Ближе к обеду, Марк наконец покинул студию Джессики, чувствуя приятную усталость после бессонной ночи. На улице его уже ждала Ая, одетая в яркий свитер и кепку с надписью «Королева дня». Увидев его, она тут же сорвалась с места.
— Прииивееет! — протянула она, бросаясь ему на шею. — Ну и видок! Ты как будто в угольной шахте ночевал. Или это арт-бомж стайл?
— Привет, солнце, — Марк хмыкнул, обнимая её в ответ. — А ты как всегда в форме. Да, работал над дизайном для Мэри. Не спрашивай. Не задалось.

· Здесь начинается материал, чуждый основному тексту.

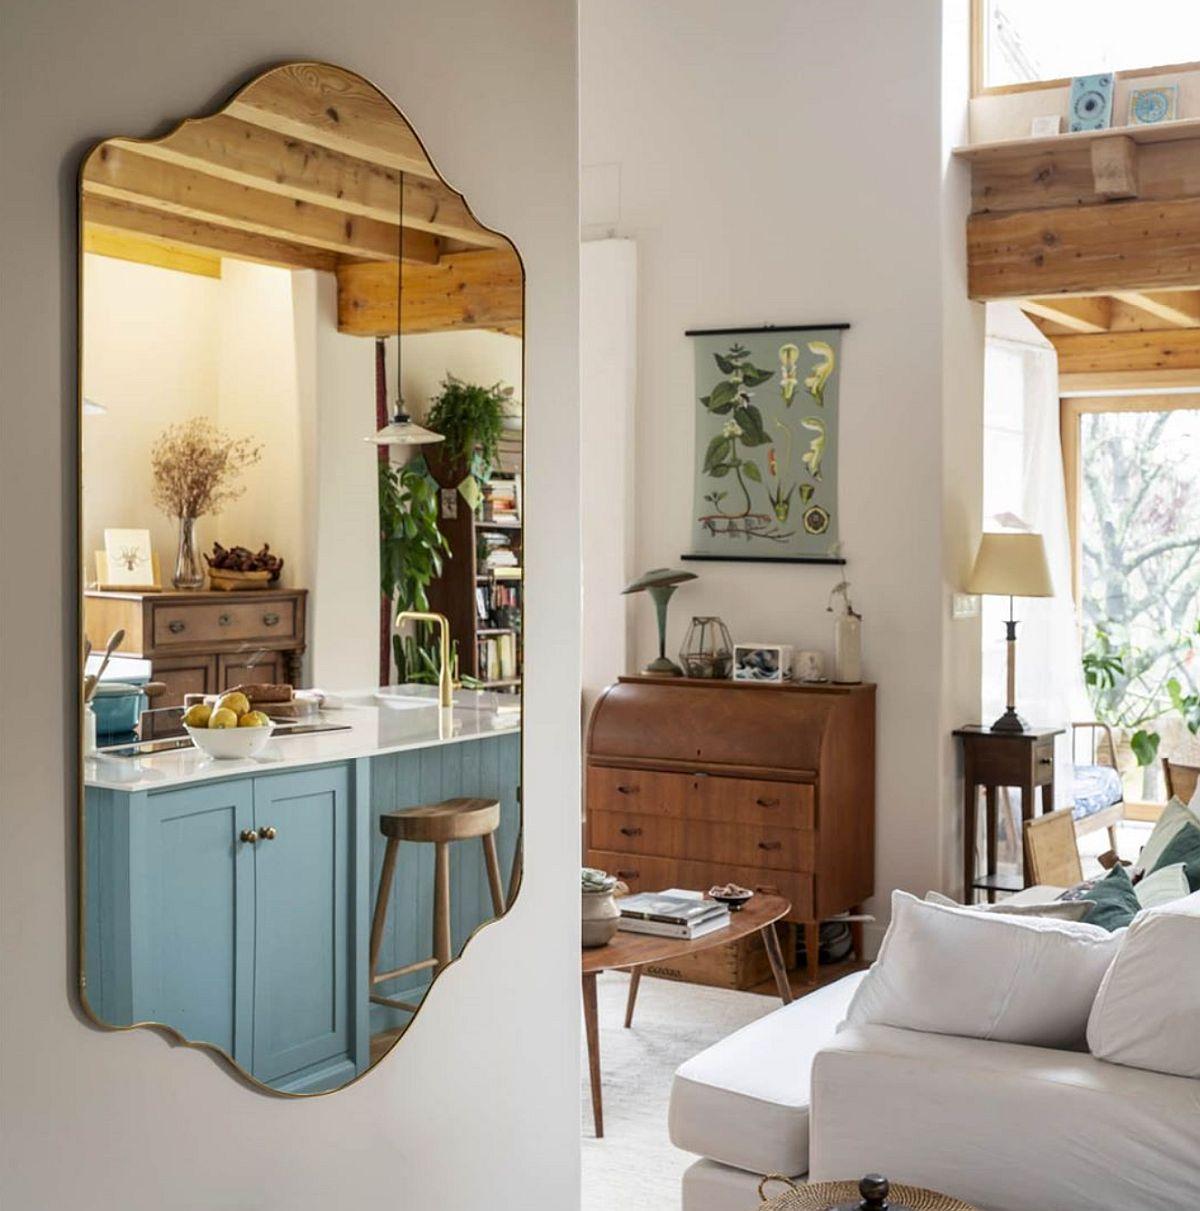 Canapeaua situată între zona de acces a parterului și bucătărie, lasă decorul de la primul nivel al casei la vedere, dar mai ales lasă lumina naturală să circule și să inunde interiorul.
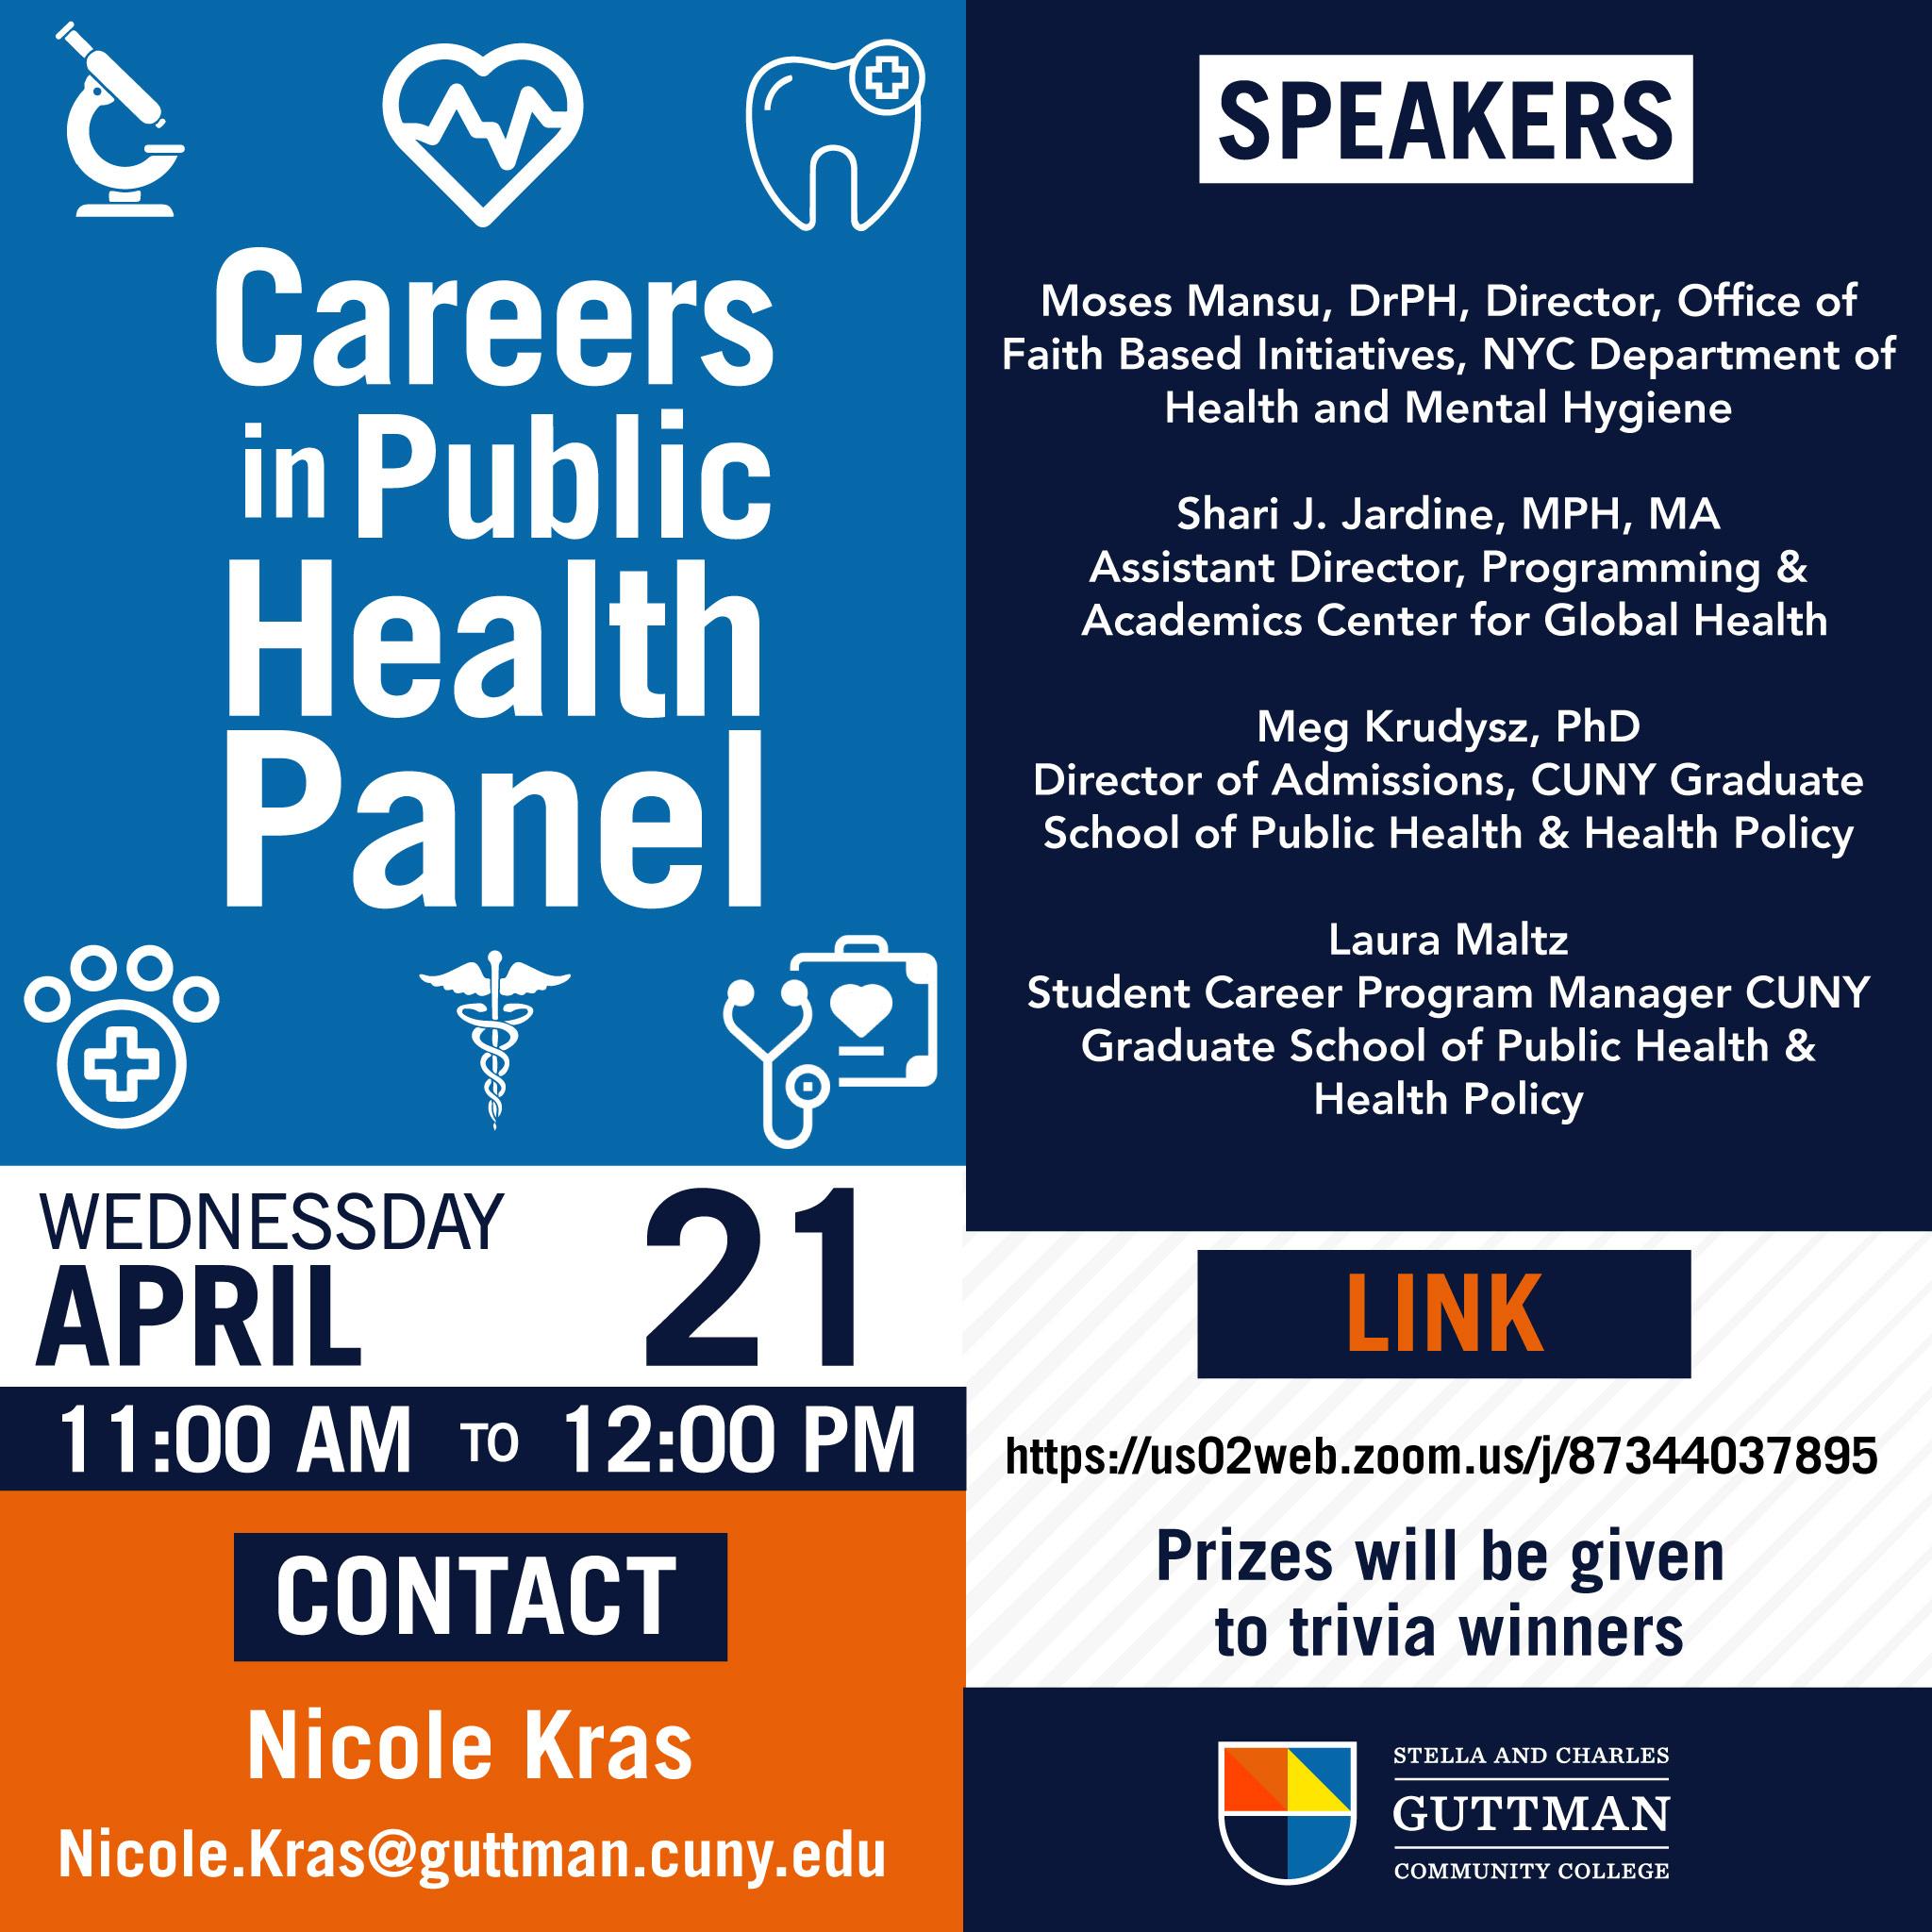 Careers in Public Health Flyer_4.21.21

Ая поджала губы, будто вот-вот скажет что-то язвительное... но не сказала.
— Ну, ладно, сегодня ты мой! Пошли клеить лепестки и пить странный травяной чай с бабками! — она захлопала в ладоши и потянула его за рукав.
Марк был в предвкушении, начав мечтать о мастер-классе по сборке цветов, но Ая тут же остановила его, надув губы и скрестив руки.
— Я каждый день помогаю бабушке с цветами, — фыркнула она, закатив глаза. — Давай лучше попробуем что-то новое. Гончарный мастер-класс звучит куда интереснее!
Марк не стал спорить. Он знал, что дни с Аей особенные, и ради этого был готов отказаться от любых собственных предпочтений.
— Хорошо, ты побеждаешь, — усмехнулся он. — Пойдём лепить вазы для цветов, раз ты у нас профессионал по цветам.
Они направились в студию, скрытую во внутреннем дворике, за стеклянной дверью их встретил запах сырой глины, рассеянный свет и приглушённая инструментальная музыка.
На стенах висели работы от изящных чаш до странных, почти абстрактных форм. Воздух был тёплый, влажный. В центре гончарные круги, рядом аккуратно сложенные куски глины и ведра с водой. Мастер, седовласый мужчина с мягкой улыбкой, поприветствовал их и кивнул на свободные места.
— Сегодня вы не просто сделаете чашу, — начал он. — Вы почувствуете материал. В глине есть память, она всегда помнит, как к ней прикоснулись.
Ая с энтузиазмом села за круг. Её пальцы уже двигались с уверенностью, хотя всё было в новинку. Она тихо напевала себе под нос, пока её руки лепили округлую форму, и время от времени бросала на Марка торжествующий взгляд.
— У тебя хорошо получается, — заметил он, наблюдая за её сосредоточенным лицом.
— А у тебя разваливается! — хихикнула она, когда Марк попытался поднять стенку сосуда, и вся конструкция пошла волнами.
Он тоже засмеялся, ощущая, как к рукам липнет глина.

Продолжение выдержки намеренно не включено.